Does anyone has any tricks, hacks, tutorials to hardening Interworx's security (on CentOS / RHEL). Not that it is unsecure but we have had attack attempts on some of our servers lately and we want to make sure we stay clean. These attempts did NOT happen on Interworx servers, we only want to build a good policy to prevent what we can in the future when our old servers will be converted to Interworx.
Another question : Is it possible to run Interworx correctly with SELinux enabled?
Any hints or small things that you did on your servers will be helpful... Even if you think it is obvious as enabling the firewall, we want to make sure we did not forget anything in our policy.
I saw a few threads here and there talking about specific issues related to security but nothing like this. If there is, maybe my searches were bad, simply refer me to the right thread! :)
You can also message me directly if there is some info you do not want to disclose here (and that anyone can read).
Thanks for any input!
It is not really possible to run SELINUX without doing a lot of work to define rules to get it to work properly, which would require lots of trial and error and headaches.
Some basic things you can do:
- Disable root login and only use regular accounts to access the server and su- over to root for root activities
- Disable password logins and only permit login via SSH keys
- Run suPHP (PHP Scripts run as SiteWorx user in the Webserver config page)
- Encourage users to install applications using an installer like simplescripts/softaculous which should have mechanisms to keep their software up to date. In any case you shouldn't let users run out of date software that can be hacked/exploited. Also sometimes, it's not the software that gets hacked but a poorly made plugin that allows for code injection.

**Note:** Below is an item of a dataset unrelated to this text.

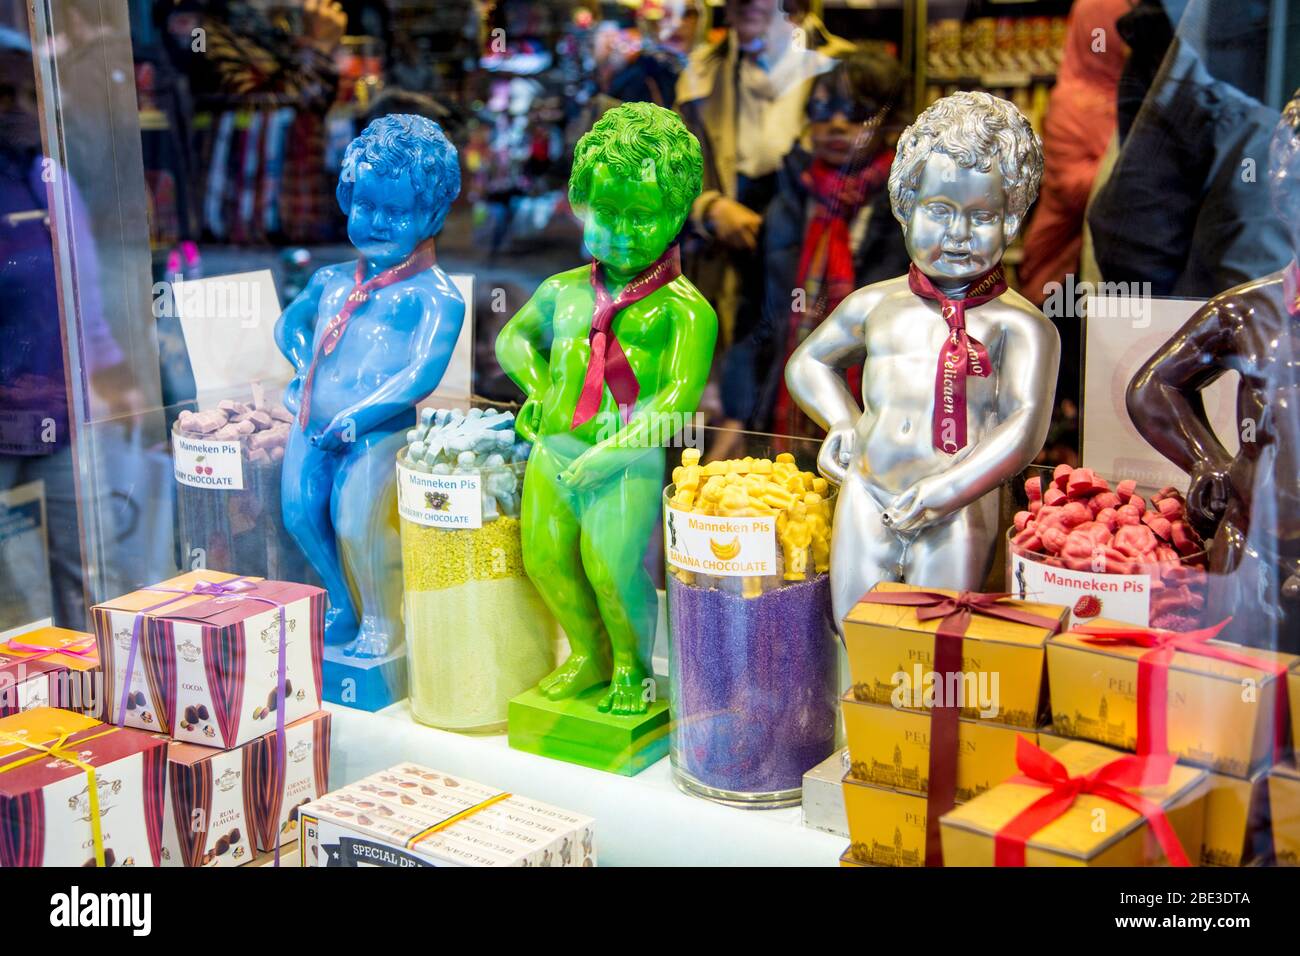 Reproductions colorées de la sculpture Manneken Pis dans une vitrine de magasins de bonbons, Bruxelles, Belgique Banque D'Images

- You can run things like Brute Force Detection/DOS Deflate but they might need to be altered to work with ipv6 versions of netstat output (DOS Deflate in particular seems broken with the new netstat).
- Run the server behind a NAT device and only forward ports you need
- _all_ users should use strong passwords and change them regularly
Thanks for the reply Dan!
We already did almost all of these. But thanks for the refresh and some new details.
About the logins, on other servers on which we directly have access to iptables, we have blocked ssh and some other ports from all IPs except a few for sysadmins, and also did some other specific tricks. Is it possible to get a finer grain of configuration for the firewall? We have some leased machines in datacenters where we do not have access to put a NAT device or other in front… In these cases, we would prefer being able to configure the software firewall a little bit more than what is proposed in the panel.
Well, to start with, enabling the firewall is always a good idea - Make sure that any ports you DON’T need or want open are closed.
Secondly, for distributed denial of service defeat, mod-evasive is a great little apache module, and works just like any other user-installed module.
Highly secure passwords are always a great idea, and while hopefully we’ll have something for that down the road there are plenty of generators out there you can use to get these.